What's needed is an exact copy of the lines from the one that contains "2 Hartley Hills, Clarksville, TN" to the end of the data below, leaving the pictures out.

**** PROVIDED MATERIAL

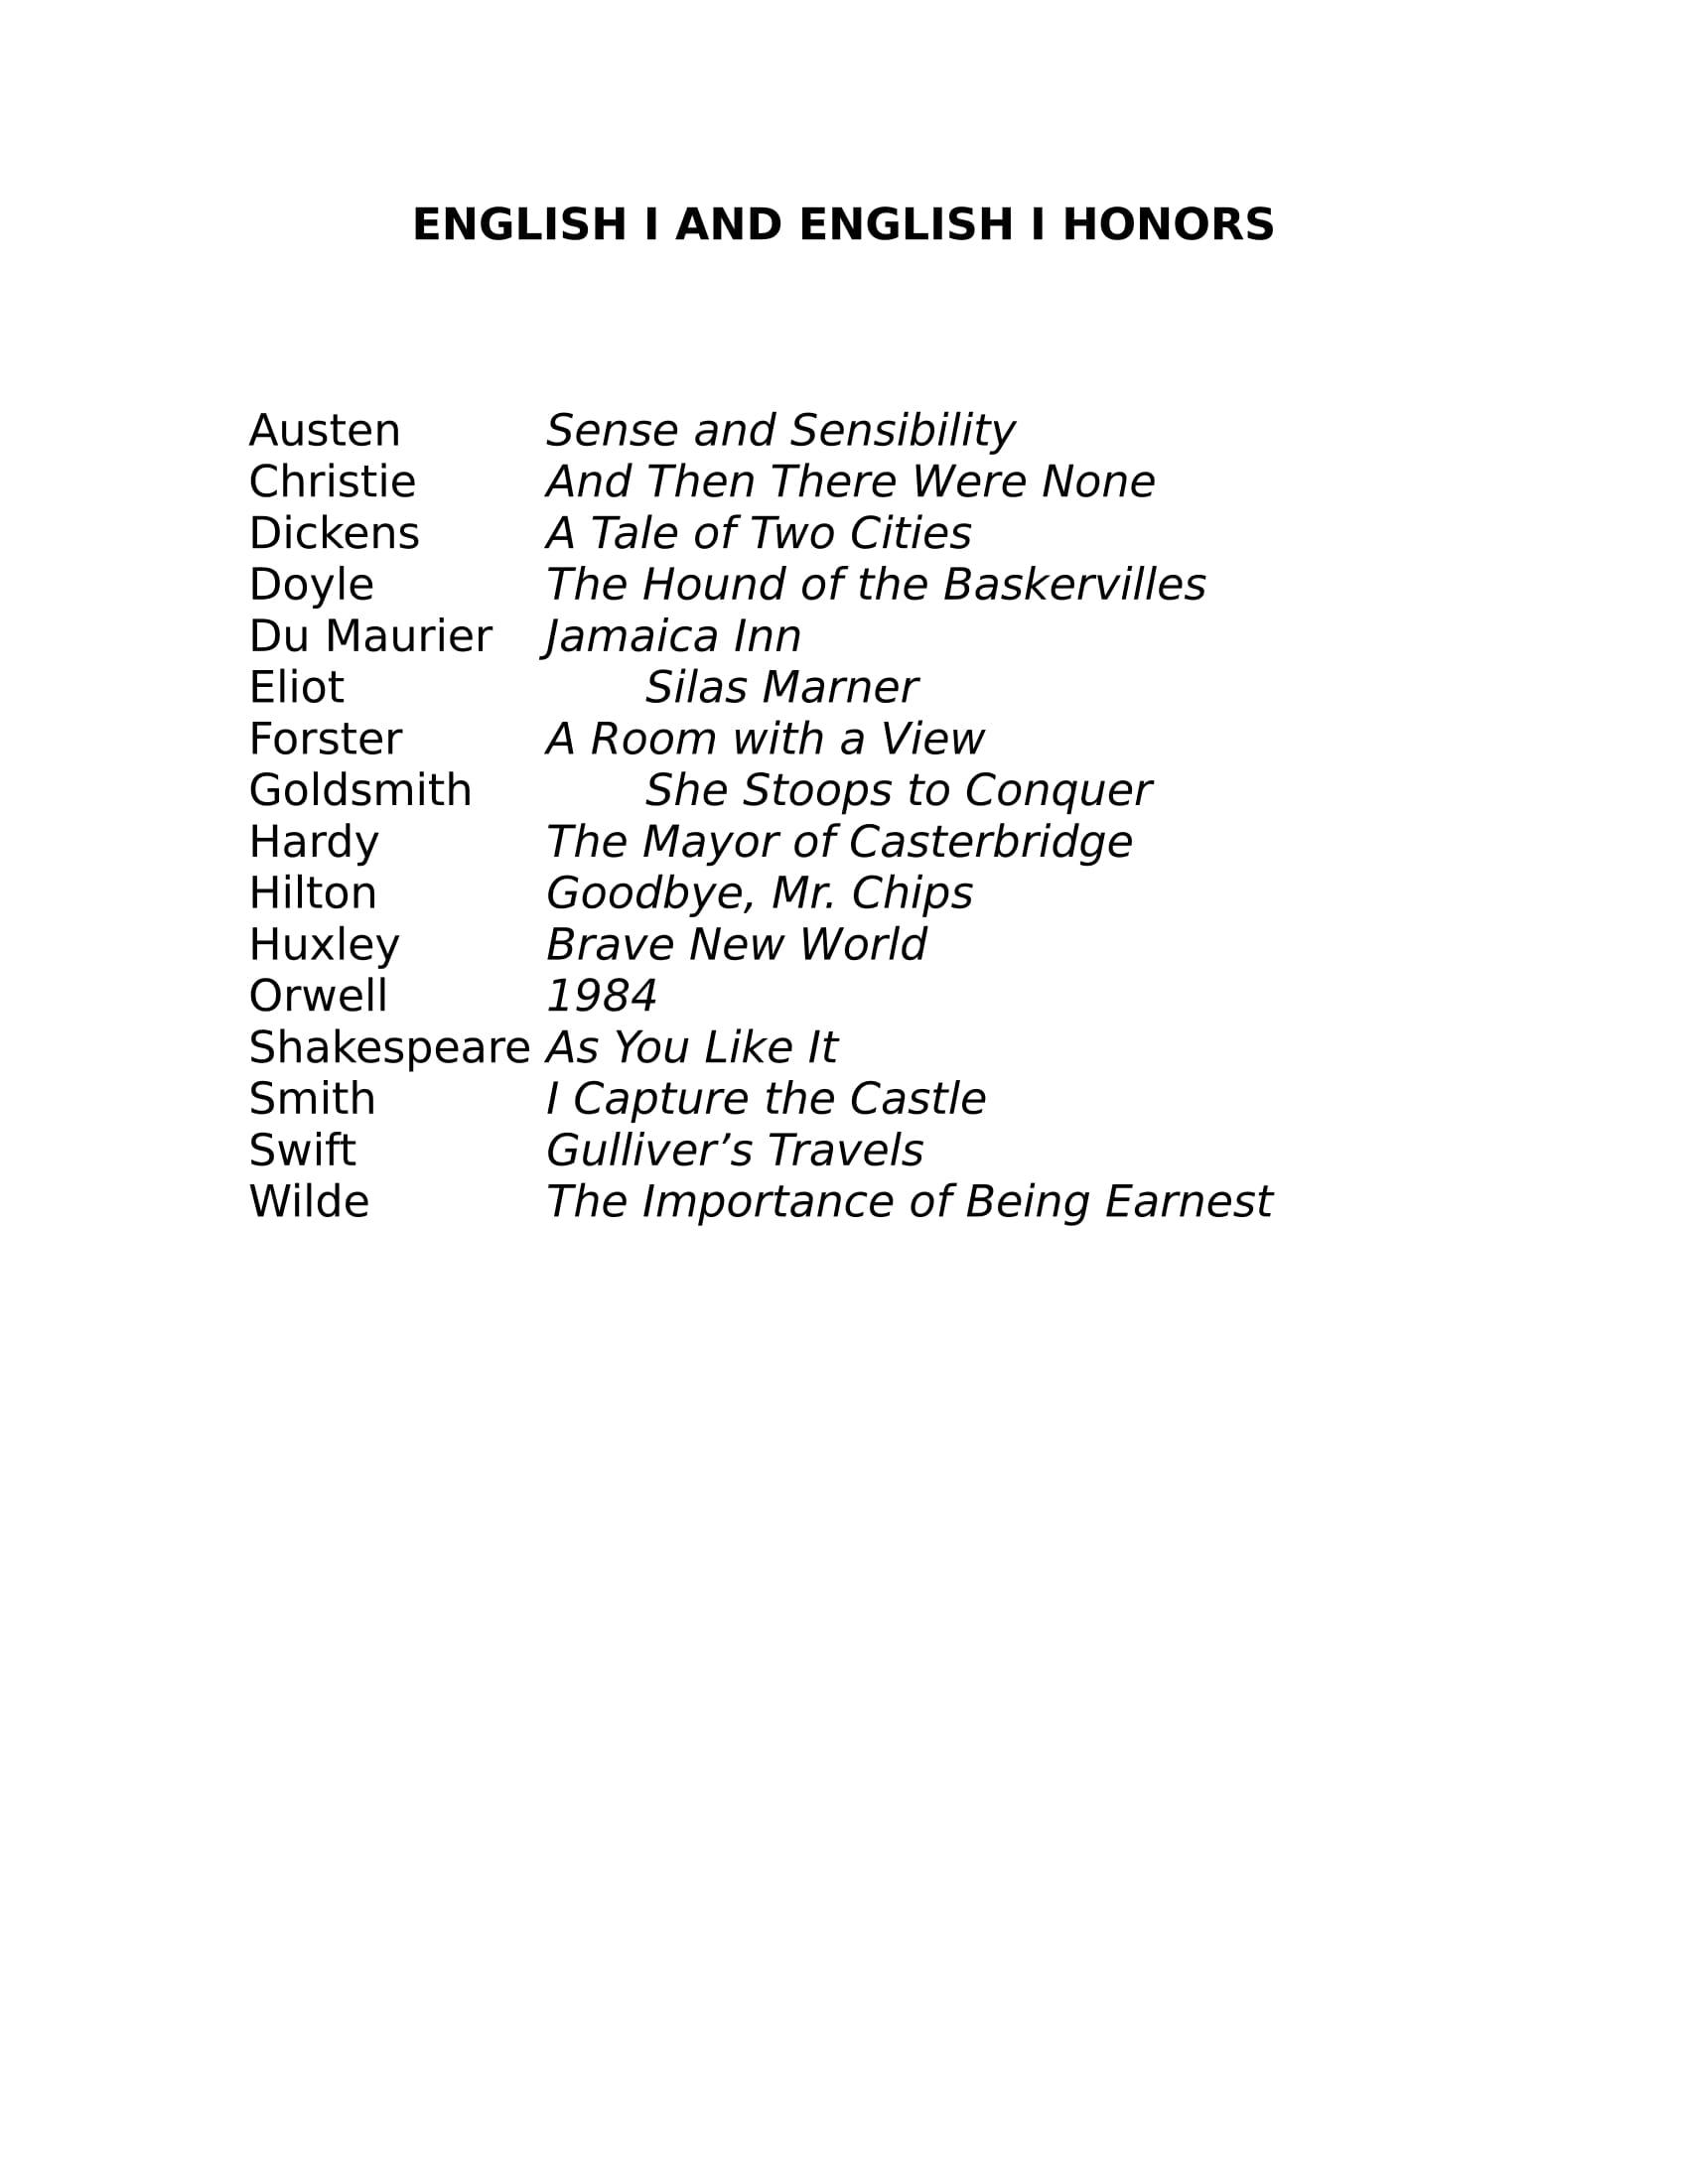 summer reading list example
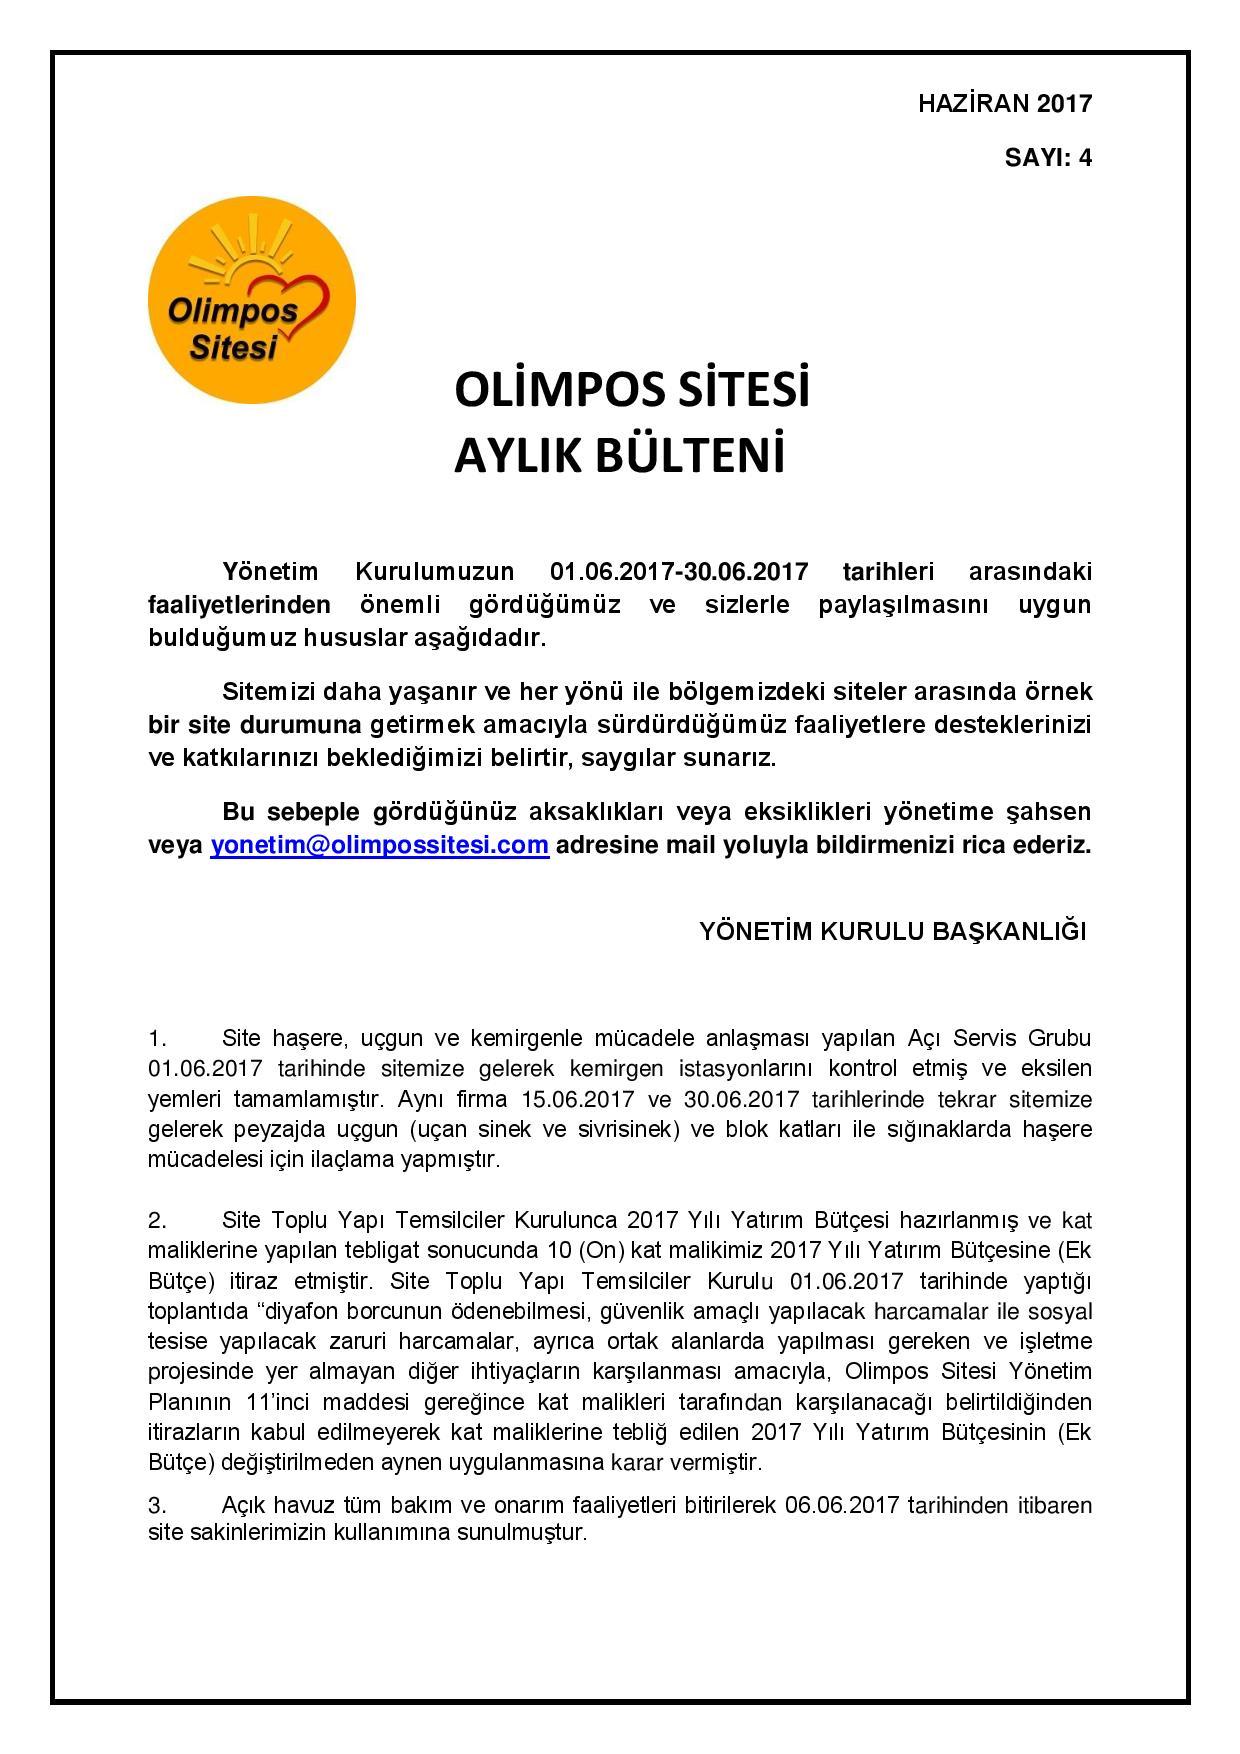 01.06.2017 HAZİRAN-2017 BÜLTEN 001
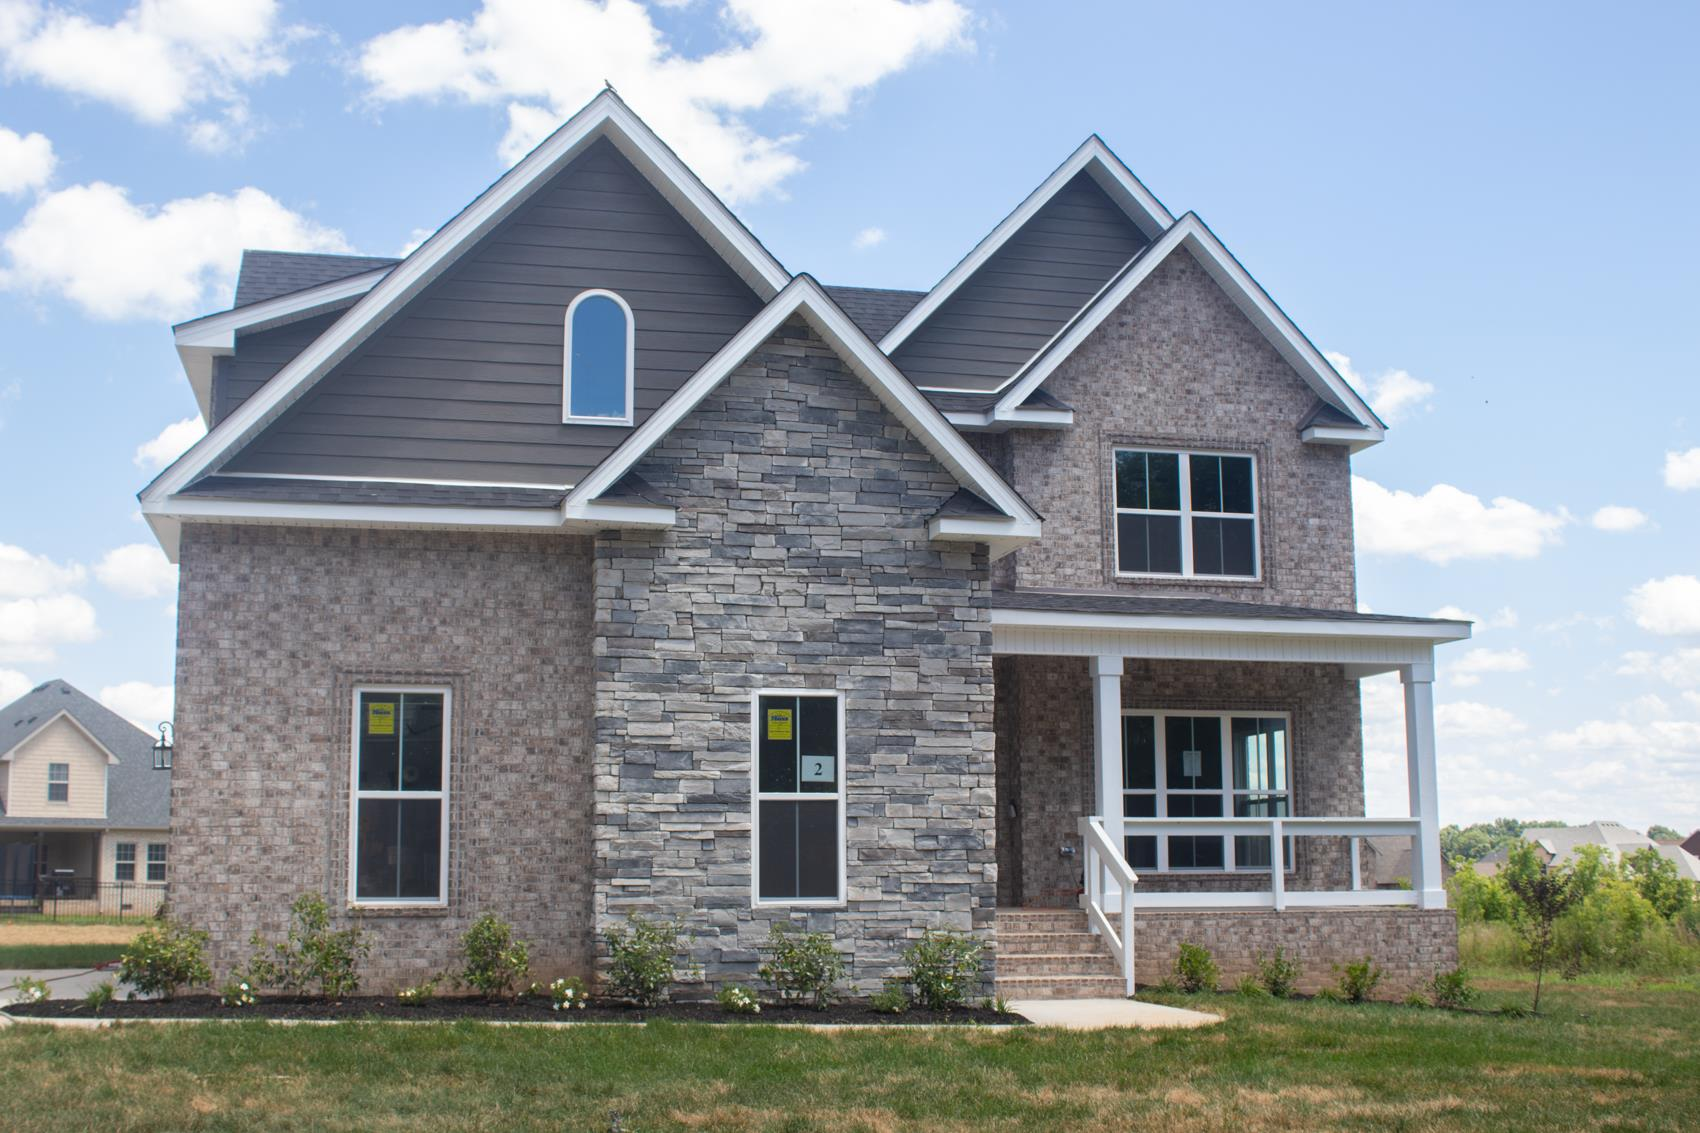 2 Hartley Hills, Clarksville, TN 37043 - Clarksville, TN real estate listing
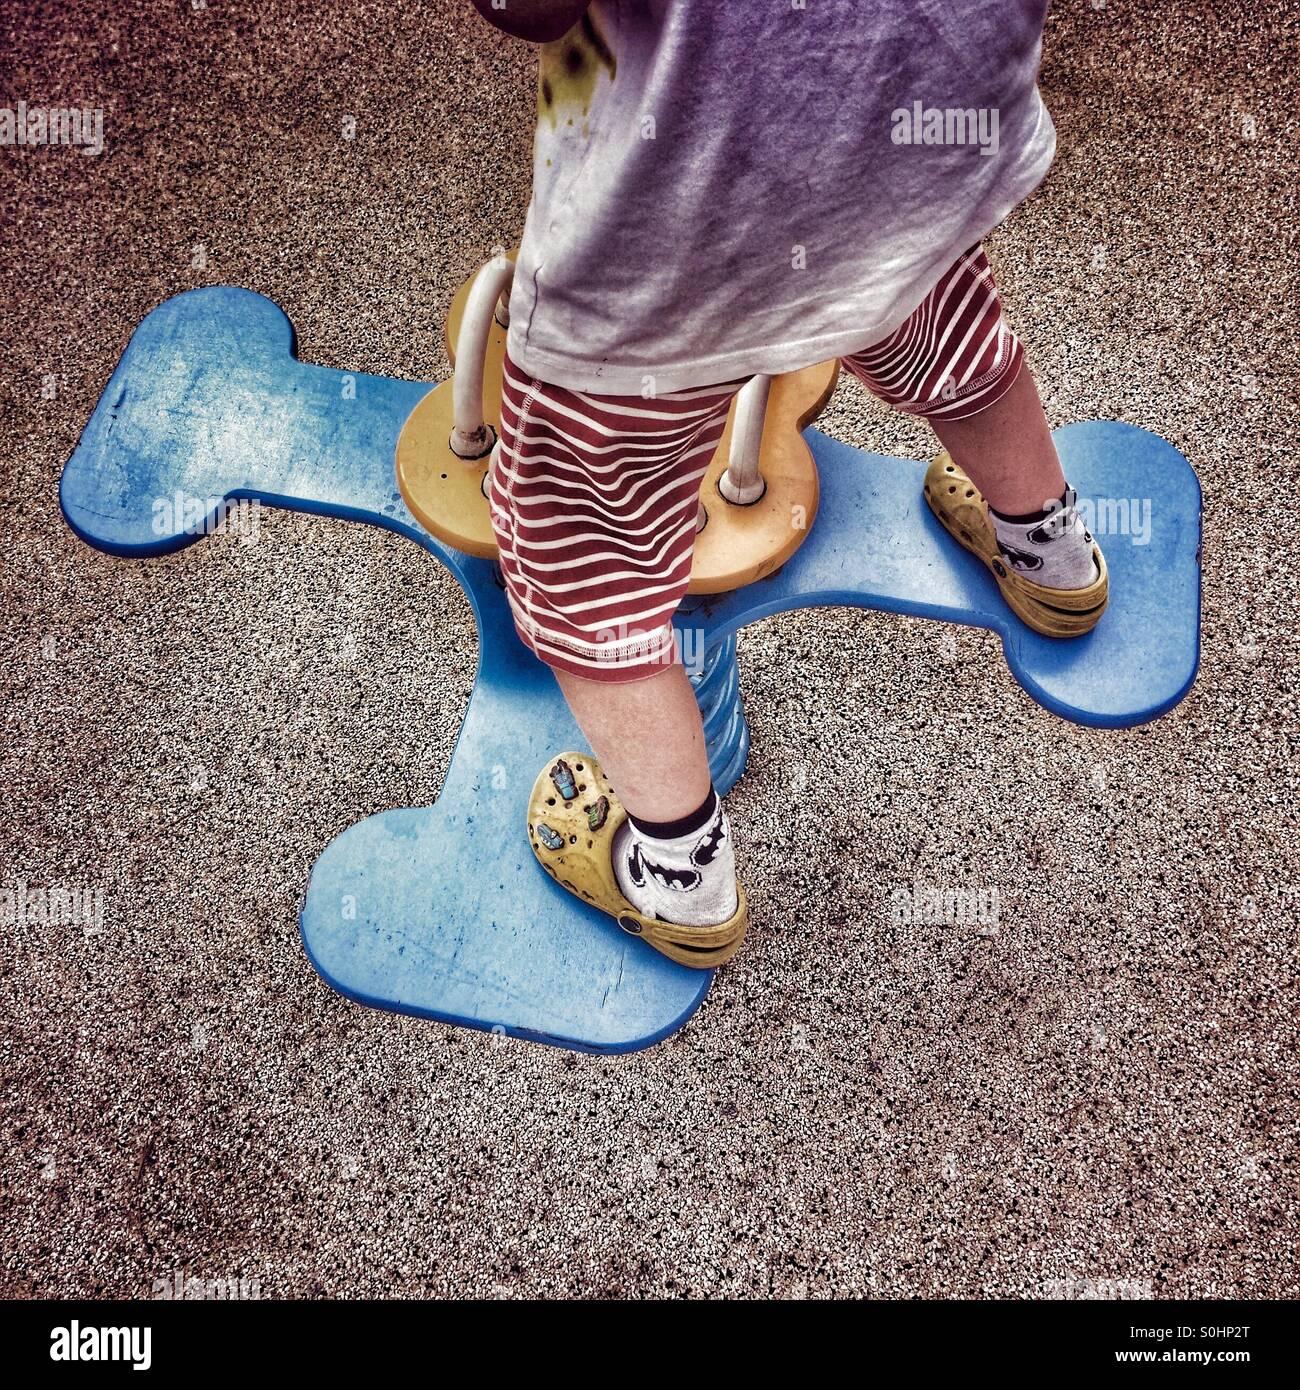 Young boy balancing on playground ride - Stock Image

********

▶ _ANSWER AREA_
 2 Hartley Hills, Clarksville, TN 37043 - Clarksville, TN real estate listing
 Young boy balancing on playground ride - Stock Image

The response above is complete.